Problem 2 with my code:#
Another optimization that the deepseek code made is with target reshaping. They added this to each batch:
1
2
3
4
5
| for batch in train_loader:
...
# Ensure targets are the right shape for loss function
if len(targets.shape) > 1 and targets.shape[1] == 1:
targets = targets.squeeze(1) # Remove extra dimension if present
|
So here, target shape tend to be single dimension. For instance, the len of torch.Size([64]) is actually 1, which is the dimension of the matrix. If your matrix is of shape (64, 1), then the len is 2.
What this code is saying, is that for the cases where the shape looks like (64, 1), remove the extra ‘1’ dimension. Note: here, squeeze actually removes only extra dimensions that is 1. For instance:
1
2
3
4
5
6
7
8
9
10
11
12
13
14
15
16
17
18
19
| In [46]: y = torch.rand(3, 1)
In [47]: y
Out[47]:
tensor([[0.7615],
[0.3994],
[0.6044]])
In [48]: y.squeeze(1)
Out[48]: tensor([0.7615, 0.3994, 0.6044])
In [49]: y.squeeze(1).shape
Out[49]: torch.Size([3])
# On the flip side:
In [50]: y2 = torch.rand(3, 2)
In [51]: y2.squeeze(1).shape
Out[51]: torch.Size([3, 2]) # still retains the shape.
|
The reason for this move is that:
1
2
3
4
5
6
7
| # Some datasets/libraries load targets with an extra dimension:
targets_2d = torch.tensor([[0], [1], [2], [3]]) # Shape: [4, 1]
print(targets_2d.shape) # torch.Size([4, 1])
# But most PyTorch loss functions expect 1D targets:
targets_1d = torch.tensor([0, 1, 2, 3]) # Shape: [4]

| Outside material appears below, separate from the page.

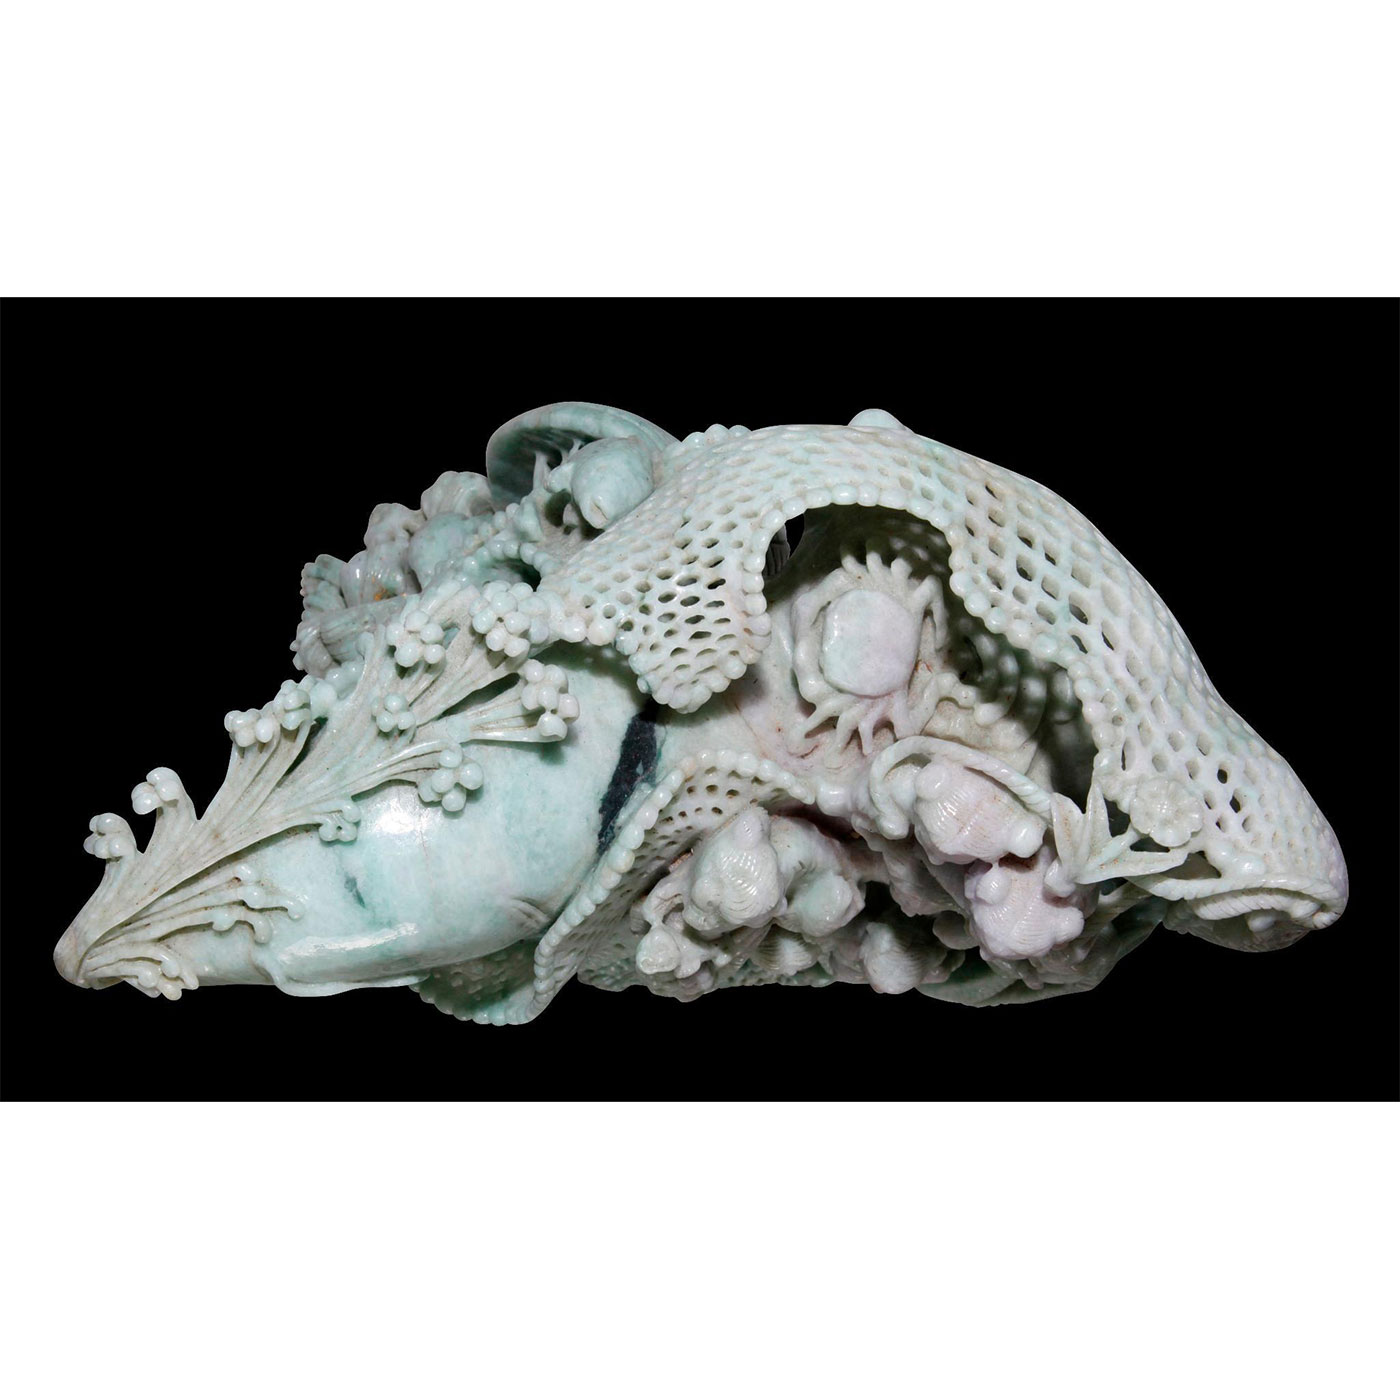 CHINESE CARVED JADE MONUMENTAL FIGURAL GROUP, CARP FISH AND IMMORTALS - Image 7 of 10

print(targets_1d.shape) # torch.Size([4])
|
Again, this is a defensive coding technique that’ll greatly reduces hard to detect bugs, especially if you’re constantly moving your code between environments.
A lot for me to take away from this seemingly simple implementation.
Two core takeaways: 1) it pays off to do your due diligence in terms of understanding exactly what’s going on under the hood behind each operation - I am rusty on that front; 2) it’s important to implement defensive coding principles so that you can save time in the long run as your code executes well in different environments.